O grande problema é que não sei se sou suficiente para mim mesma, se todos os “eus” que construo todos os dias cabem nesta mocinha de vinte e poucos anos que luta diariamente para conquistar seu lugar no mundo e, ao deitar a cabeça no travesseiro, tem o péssimo hábito de engolir o choro pela angústia de não saber se vai chegar lá (e ela nem sabe onde fica este “lá”).
Em um ano de tantas tomadas de decisões, de tantos momentos de pressão e trabalho árduo, manter a calma e dormir acaba ficando sempre em segundo (terceiro, quarto, quinto...) lugar na vida de quem não quer parar de planejar e (tentar) semear coisas boas para si.
Só que as sementes têm o tempo da natureza para germinar, crescer e frutificar, e é exatamente isto que os imediatistas e ansiosos custam a entender (e eu assino o número um na lista de frequência destes).
Vez ou outra, chego a implorar mentalmente por um spoiler de como serei no futuro, pra saber se algum dia conseguirei realizar pelo menos a metade dos meus planos escritos no caderninho “sonhos e metas” (é, eu tenho um caderno para isso). Acontece que se eu soubesse o que ocorrerá no futuro, talvez desanimasse agora, sem nem saber tudo o que acontece pela metade do caminho e, a menos que eu tivesse um DeLorean adaptado pelo Doc Brown, não conseguiria apagar os rastros possivelmente desastrosos de saber tudo antes do tempo.
O ponto crucial é que sei para onde quero ir, quiçá eu saiba vagamente como chegar lá, mas quero viajar a km/s e desesperadamente ver meus planos acontecerem diante dos meus olhos. Erro grave, eu sei. Diriam meus sábios mestres: calma, tudo acontece no seu próprio tempo. Um dos meus grandes defeitos é achar que tenho um Vira-Tempo sem, na realidade, tê-lo.

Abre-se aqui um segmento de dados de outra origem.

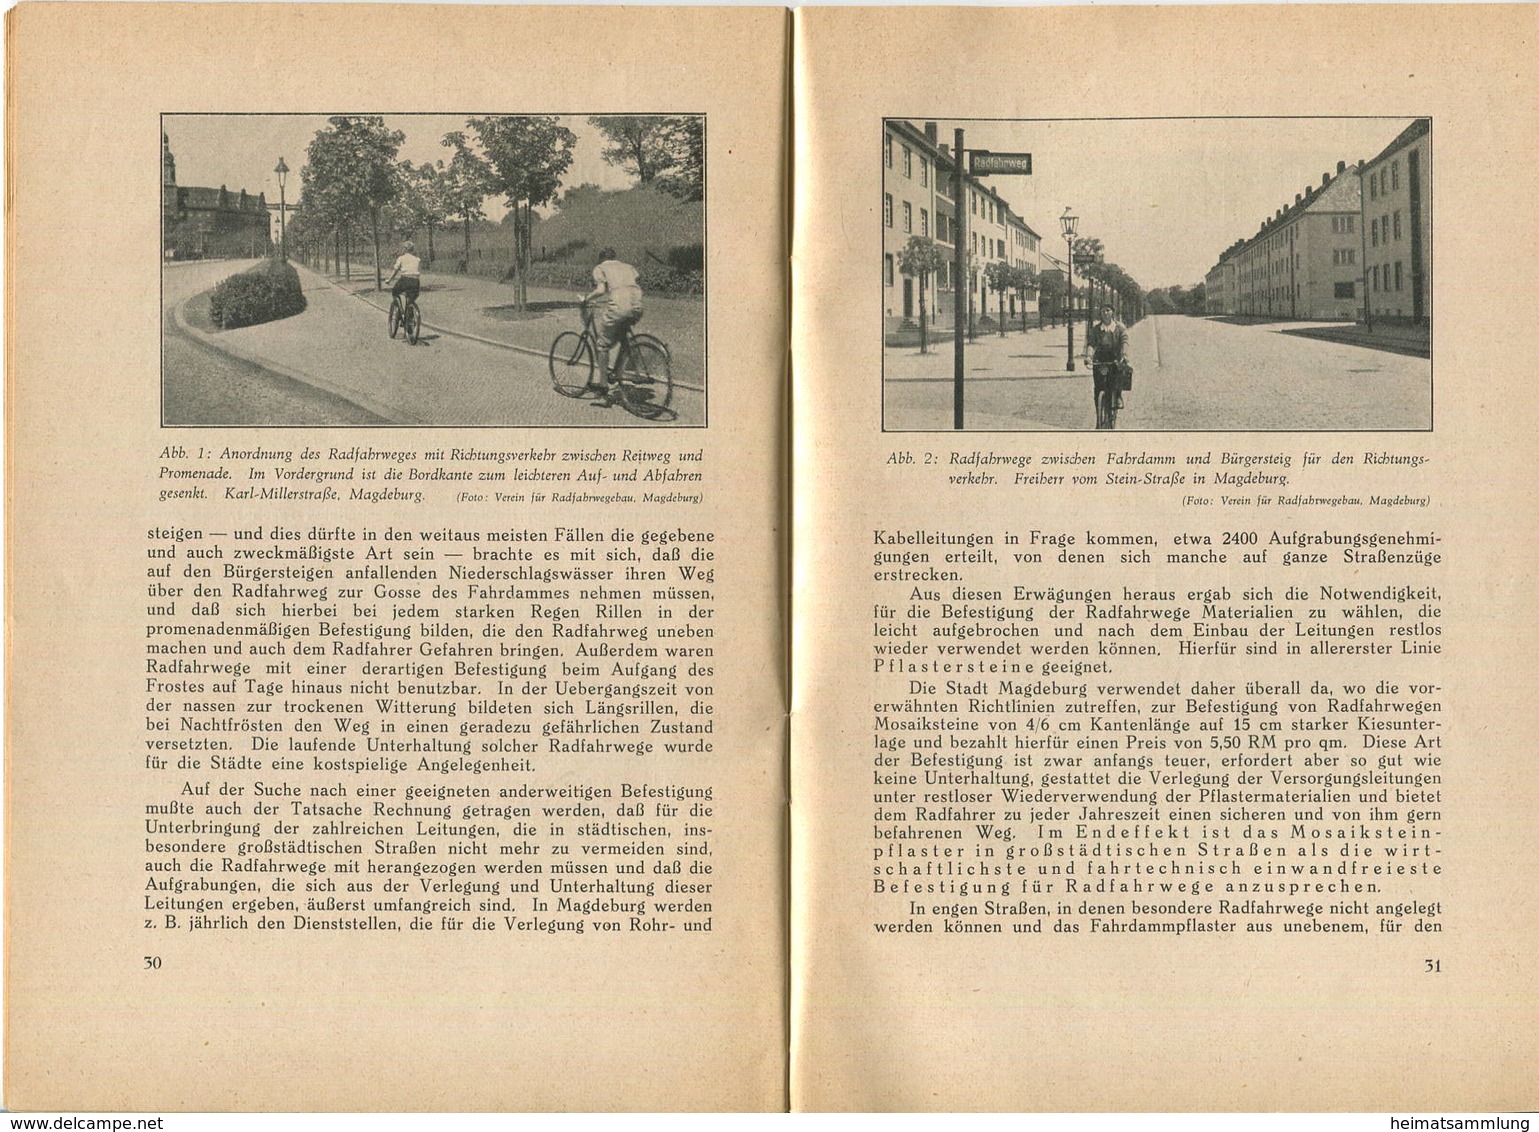 Wanderausstellung Der Reichsgemeinschaft Für Radfahrwegebau 1936 - Deutschland Braucht Radfahrwege - Protektor Dr. Ing. - Transport

E se eu não passar na prova semana que vem? E se eu não estiver onde quero ano que vem? E se eu não conseguir estar onde planejo daqui a quatro anos? E se, e se, e se? São perguntas insuportáveis de uma cabeça que funciona mais rápido do que meu corpo consegue aguentar e é mais impertinente do que meu psicológico suporta.
Eu não sei se caibo em mim, não sei se um dia caberei ou, pior, se um dia me sentirei insuficiente para o que o meu “eu” jovem de vinte e poucos anos esperava que eu fosse. Só saberei vivendo. Passo a passo, dia após dia. Lembro que quando eu era adolescente, fazia os mesmos questionamentos e a minha professora de literatura do Ensino Médio dizia: “calma, pequena”. Porque, parafraseando uma grande amiga*, eu não quero ser a segunda “Alguém”, quero ser Debora Vieira, a Primeira de Meu Nome. É ambicioso, talvez soe mal, mas sonho com toda a humildade do mundo e vontade de construir diariamente o “eu” que eu quero ser. Ainda que durma tão pouco, sonho muito.



*A amiga que parafraseei se chama Ruanne Ribeiro e escreve lindos textos,
os quais sempre tenho o prazer de ler, quando divulgados.